2. 理解URDF文件——seven_dof_arm.xacro URDF可以表示机器人的运动学和动态描述,机器人的视觉表示以及机器人的碰撞模型。用URDF文件来描述机器人用到的标签有:link、joint、robot、gazebo。用URDF文件来描述机器人的基本思想是:机器人每个关节都是一个link,link和link之间的链接方式是joint。
2.1 robot标签 <robot>...</robot>
标签定义了我们要创建的机器人的名称,这里即seven_dof_arm。七自由度机器人的其他描述内容都会包含在该标签内。1 2 3 4 <?xml version="1.0" ?> <robot name ="seven_dof_arm" xmlns:xacro ="http://ros.org/wiki/xacro" > ... </robot >
2.2 material标签 <material>...</material>
标签定义了整个七自由度机器人的颜色组成,方便之后调用。1 2 3 <material name ="Black" > <color rgba ="0.0 0.0 0.0 1.0" /> </material >
2.3 property标签 我们可以使用 property 标签声明作为 xacro 文件中的命名值的常量或 ropers,可以在代码中的任何位置使用。这些常量定义的主要用途是,我们不是在 link 和 joint 上给出数值,而是可以保留常量,并且可以在开头就修改掉相应的数值。此处给出了使用 property 的示例。1 2 3 4 5 6 7 8 9 <xacro:property name ="deg_to_rad" value ="0.01745329251994329577" /> <xacro:property name ="M_SCALE" value ="0.001 0.001 0.001" /> <xacro:property name ="M_PI" value ="3.14159" /> <xacro:property name ="shoulder_pan_width" value ="0.04" /> <xacro:property name ="shoulder_pan_len" value ="0.08" />
这样,在之后需要使用到这些 property 的时候,只需要像下面的示例调用即可,property 有点类似于变量。1 <cylinder radius ="${shoulder_pan_width}" length ="${shoulder_pan_len}" />
2.4 macro标签 macro 标签可以作为宏定义来使用。给出 macro 的一个示例,如下所示:1 2 3 4 5 6 <xacro:macro name ="inertial_matrix" params ="mass" > <inertial > <mass value ="${mass}" /> <inertia ixx ="1.0" ixy ="0.0" ixz ="0.0" iyy ="0.5" iyz ="0.0" izz ="1.0" /> </inertial > </xacro:macro >
这里使用 macro 定义了<inertial>
标签,该标签中参数的 mass 定义了质量, inertia 定义了相应几何体的惯性张量。这样,在后面就无需对每个 link 的 inertial 属性进行设置,提高代码复用率。
2.5 link标签 link 标签的官方解释见ROS wiki link 。<link>...</link>
标签表示机器人的单个链接。 使用这个标签,我们可以对机器人链接及其属性进行建模。 建模包括大小,形状和颜色,甚至可以导入3D网格来表示机器人链接。 我们还可以提供链接的动态属性,例如惯性矩阵和碰撞属性。

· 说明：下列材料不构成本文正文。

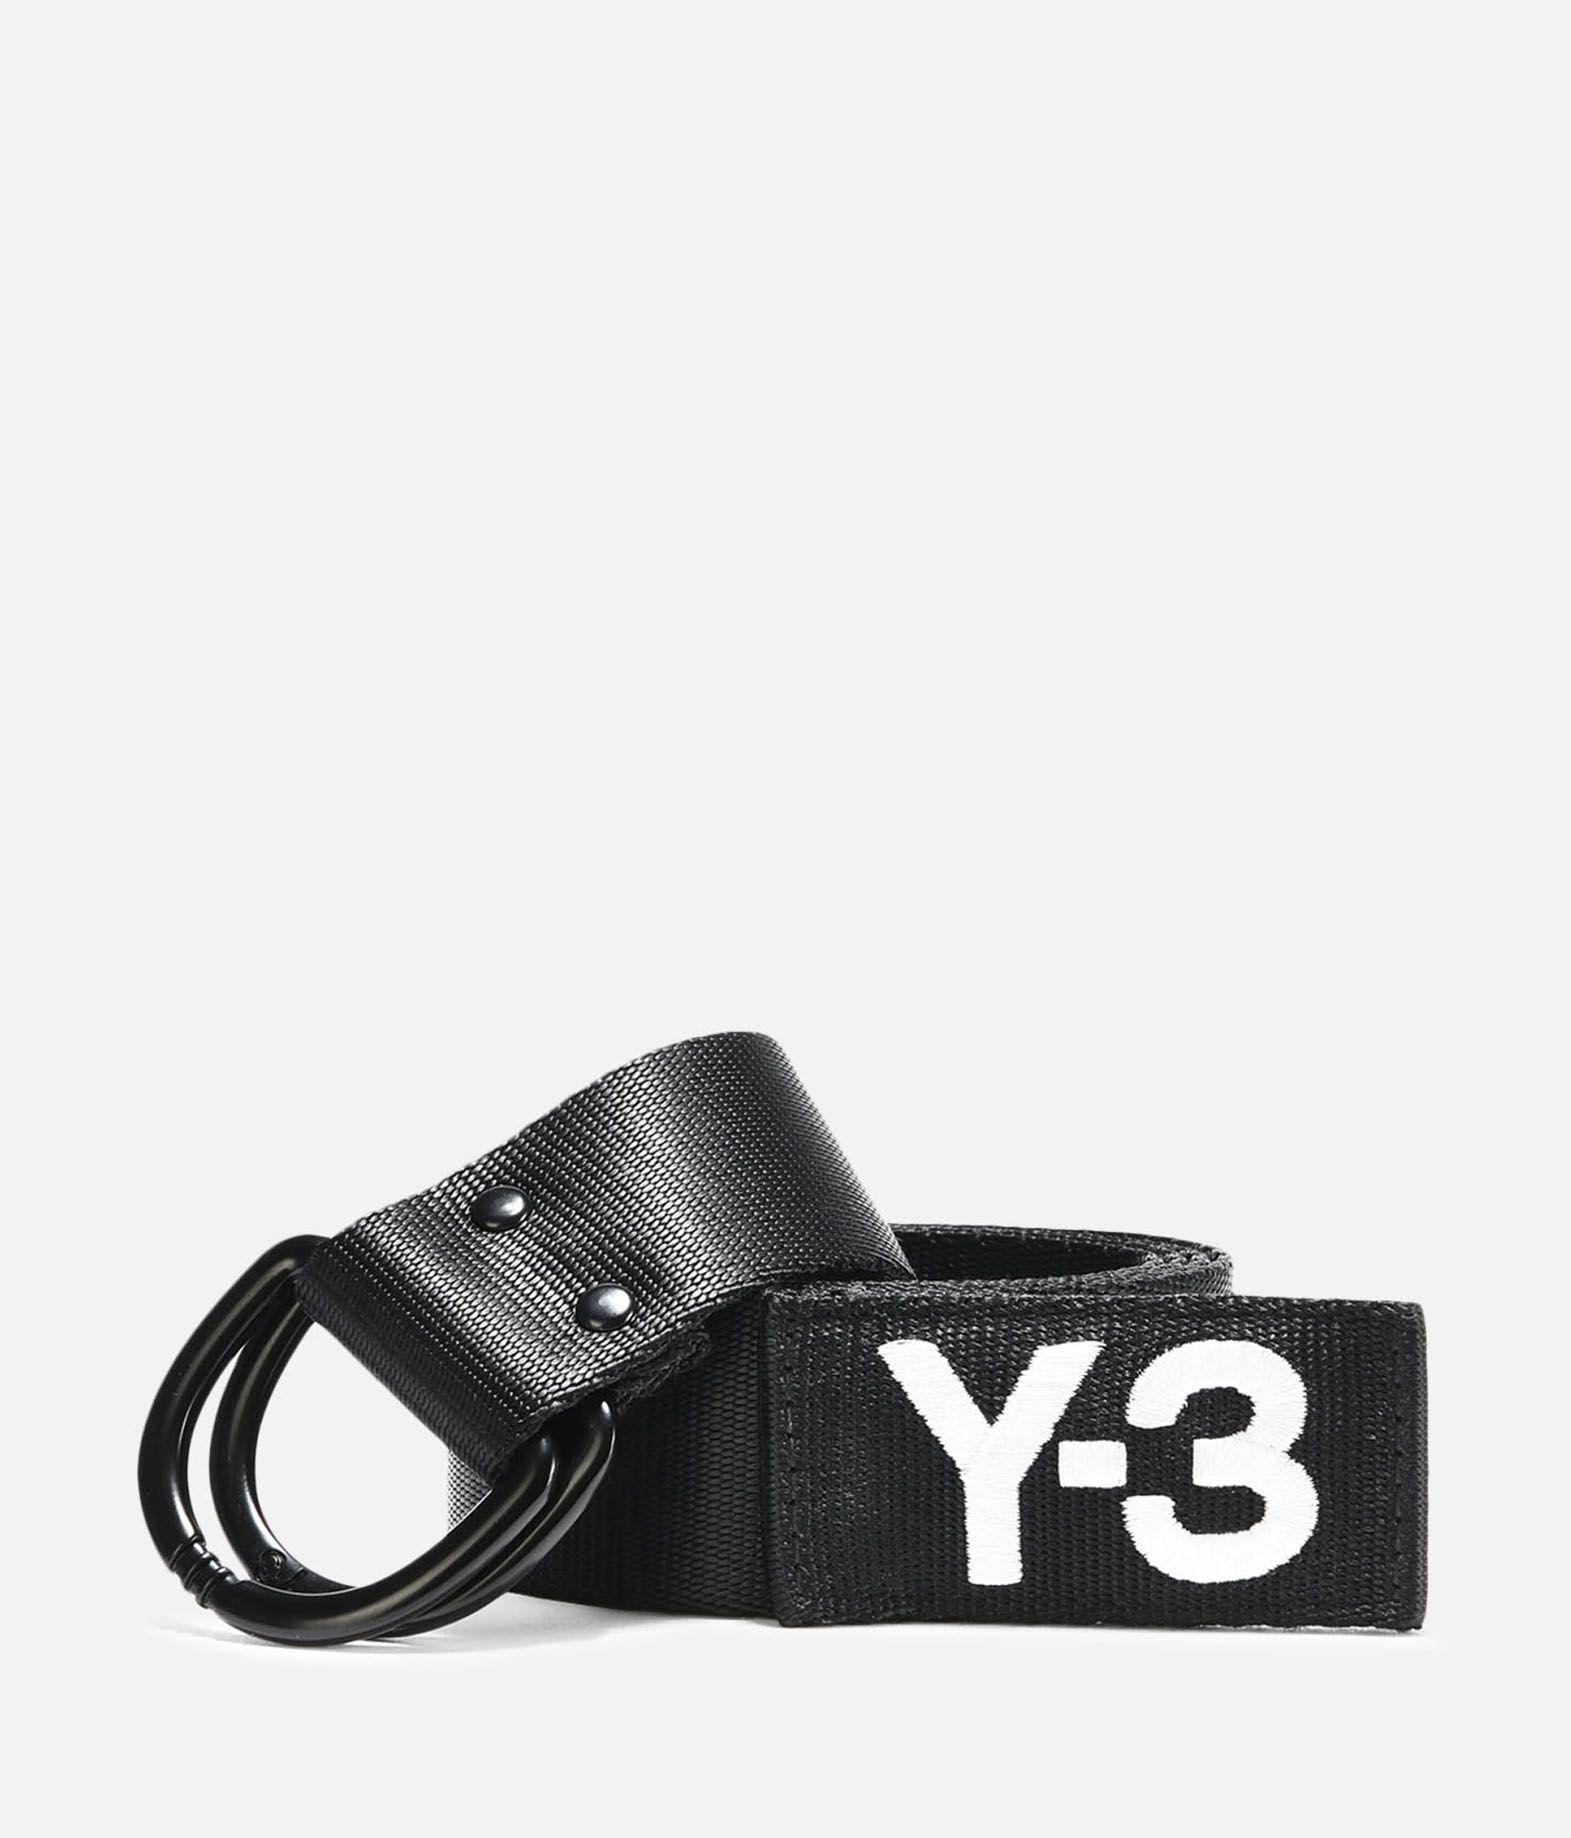 Y-3 Logo - Y 3 Logo Belt Belts. Adidas Y 3 Official Site

对于本文的七自由度机器人,总共有12个link,如下表所示。
No.
name
No.
name
1
bottom_link
7
wrist_roll_link
2
base_link
8
wrist_pitch_link
3
shoulder_pan_link
9
gripper_roll_link
4
shoulder_pitch_link
10
gripper_finger_link1
5
elbow_roll_link
11
gripper_finger_link2
6
elbow_pitch_link
12
grasping_frame
上表中,第1个 bottom_link 是将七自由度机器人固定的基座,2-9是从底向上组成七自由度机器人的8个link,10-11是七自由度机器人末端的二指夹爪,第12个是二指夹爪中间的一个小方块。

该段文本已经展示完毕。